Кивнул. Уже без улыбки:
– Да, всегда будет разница.
– Ты это ощущал?
Поджал губы.
– Эсса, ты злишься на мать? Ну, вот за то, что она так поступила, отдала тебя?
– Нет.
Решительно ответил, не задумываясь.
– Почему я должен злиться? Это наш обычай, так принято. Она сделала то, что должна была. И она помогала мне всю жизнь.
И с чего это я решила играть в психолога и копаться в его прошлом? Зачем задаю такие вопросы? Это не облегчит ему жизнь. Его детство уже позади. Теперь у него другой этап.

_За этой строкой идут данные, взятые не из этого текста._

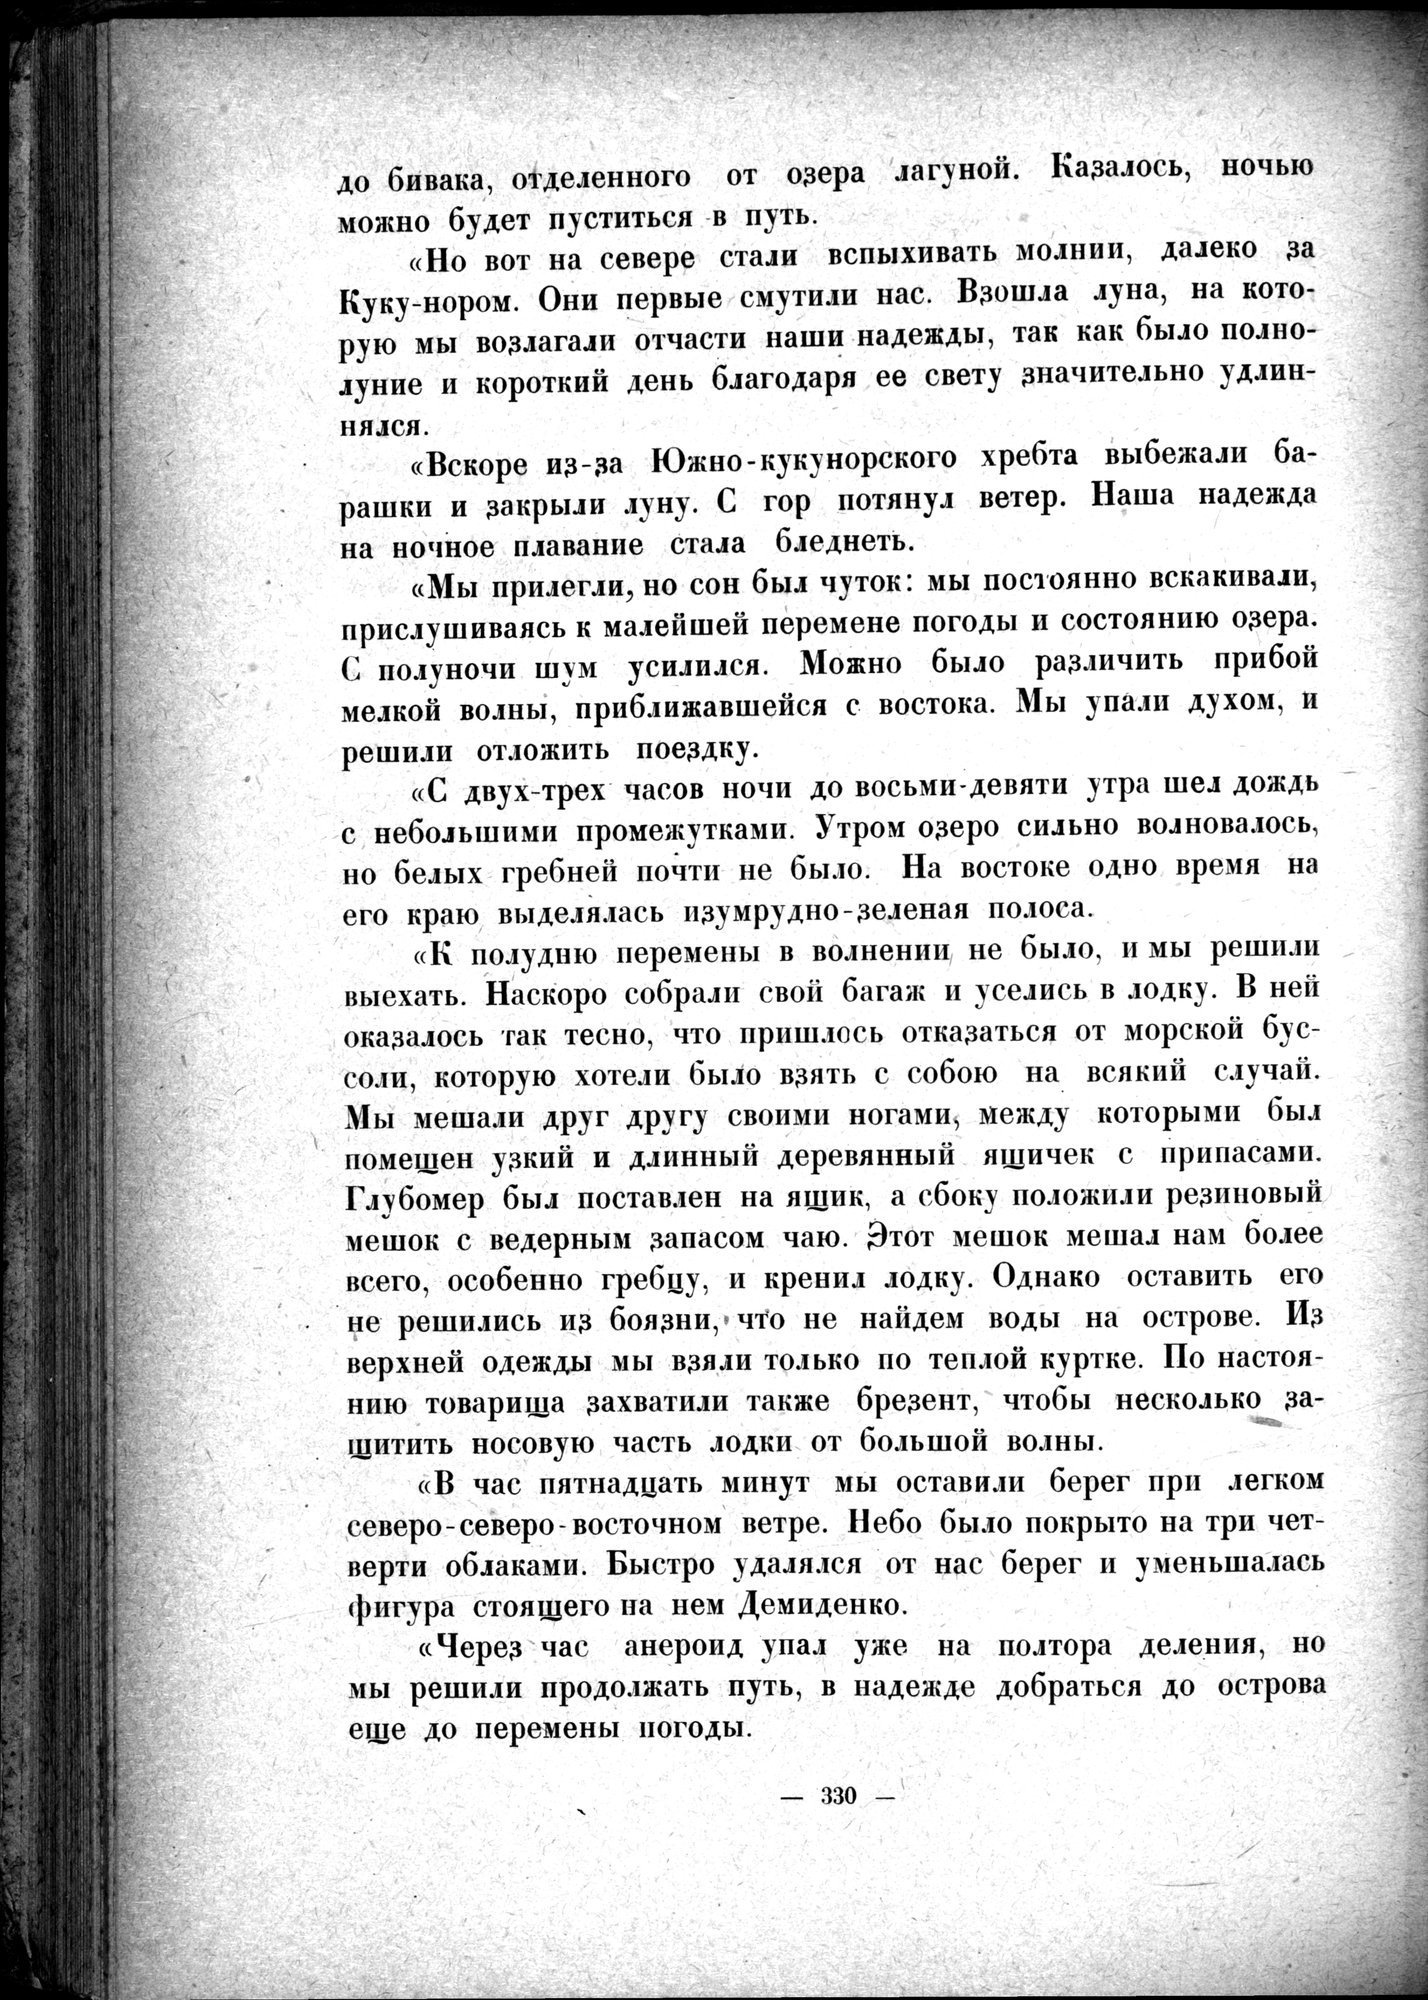 Mongoliya i Amdo i mertby gorod Khara-Khoto : vol.1 / Page 380 (Grayscale High Resolution Image)
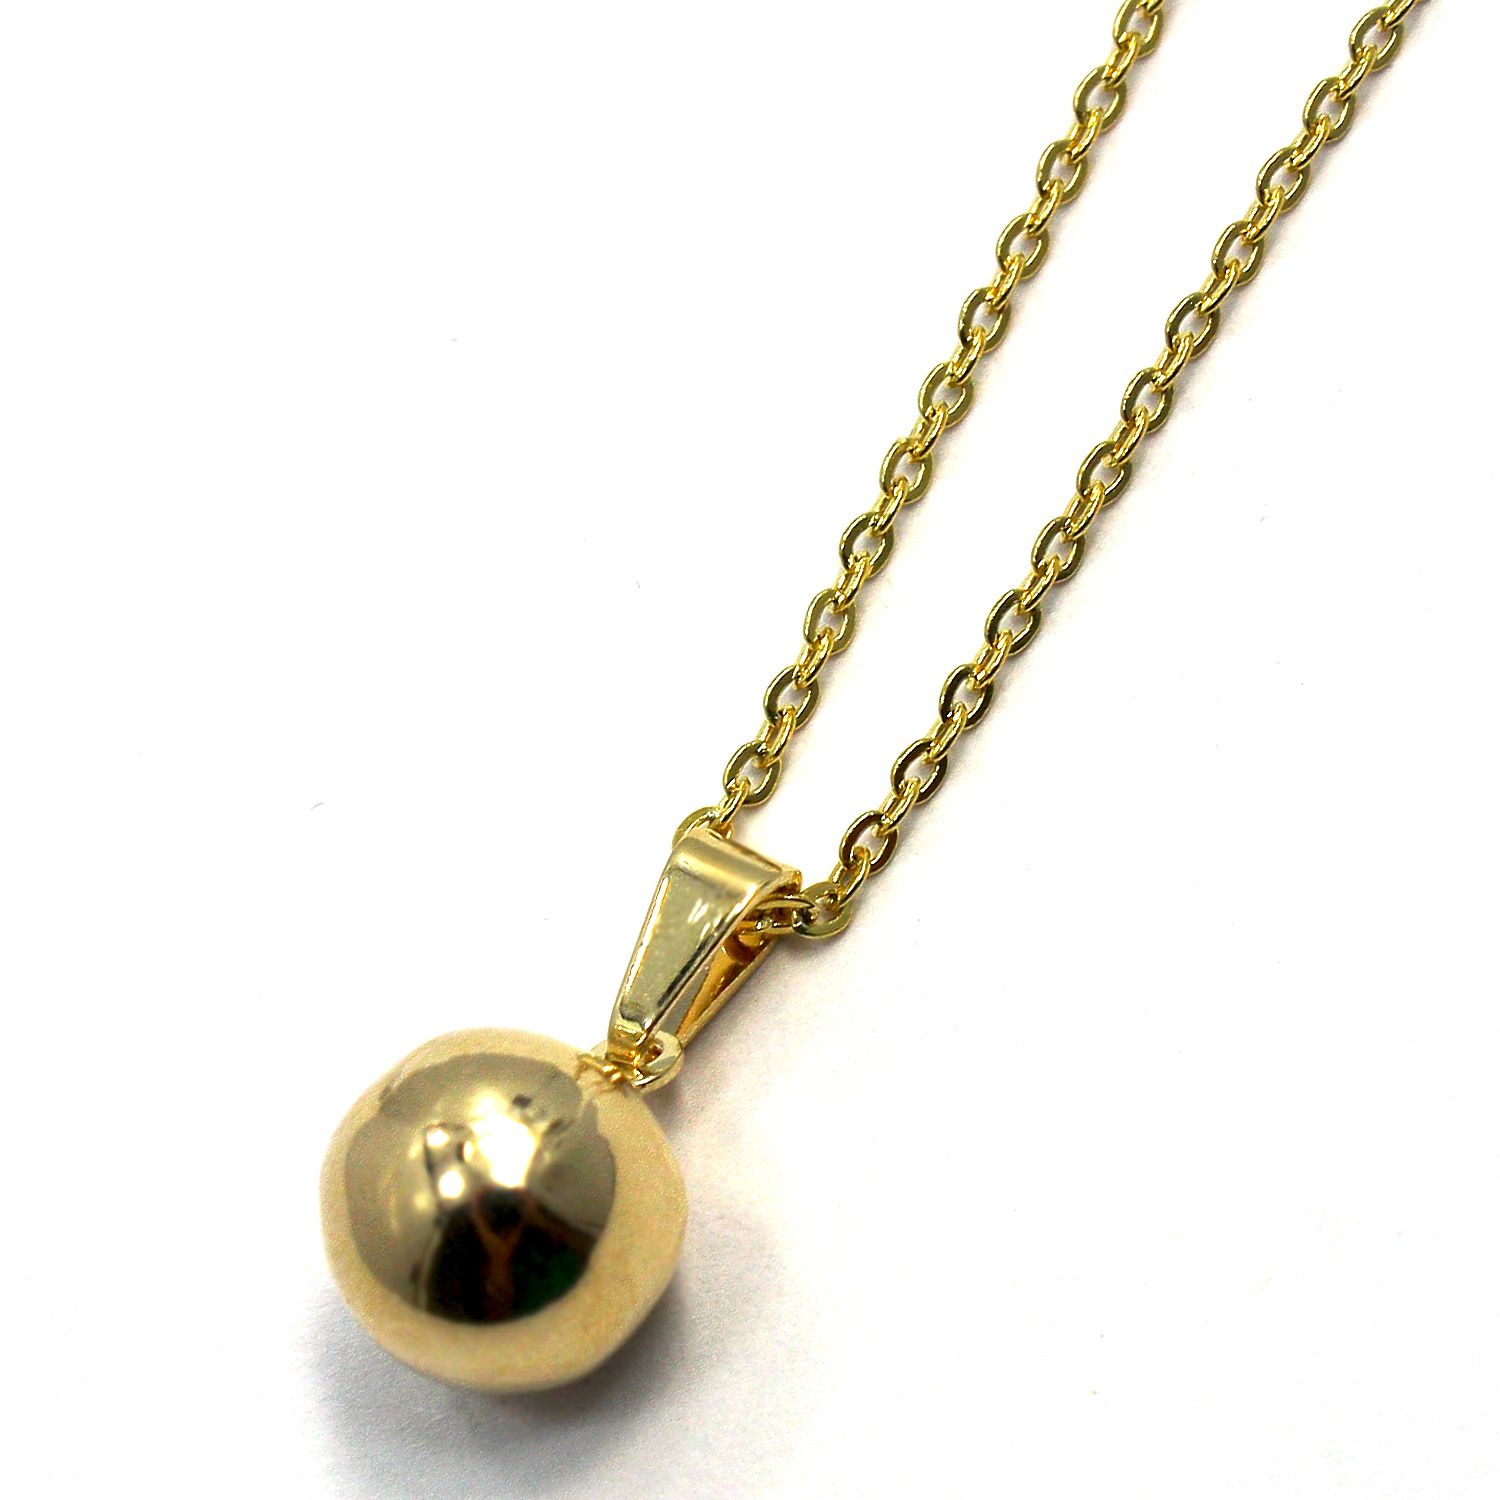   18k GF Ball Necklace Pendant 9mm Plain Charm Round Pendant Lady Girl

– Ладно, Эсса, не обижайся. Не обиделся?
– Нет.
Улыбнулся во весь рот.
– У меня тут вашего жареного риса осталась целая кастрюля. Хочешь?
Недоверчиво посмотрел на меня. Потом кивнул.
– Тогда возьми сам, в холодильнике. Только кастрюлю потом вымой. Я пошла работать.
Пока я читала свои бумаги, краем глаза все же наблюдала за Эссой. Он разогрел рис на плите, немного испуганно включая газовую горелку. Потом поел руками прямо из кастрюли и старательно вымыл кастрюлю, выскребая каждую прилипшую рисинку. Затем оглянулся, прошелся по комнатам.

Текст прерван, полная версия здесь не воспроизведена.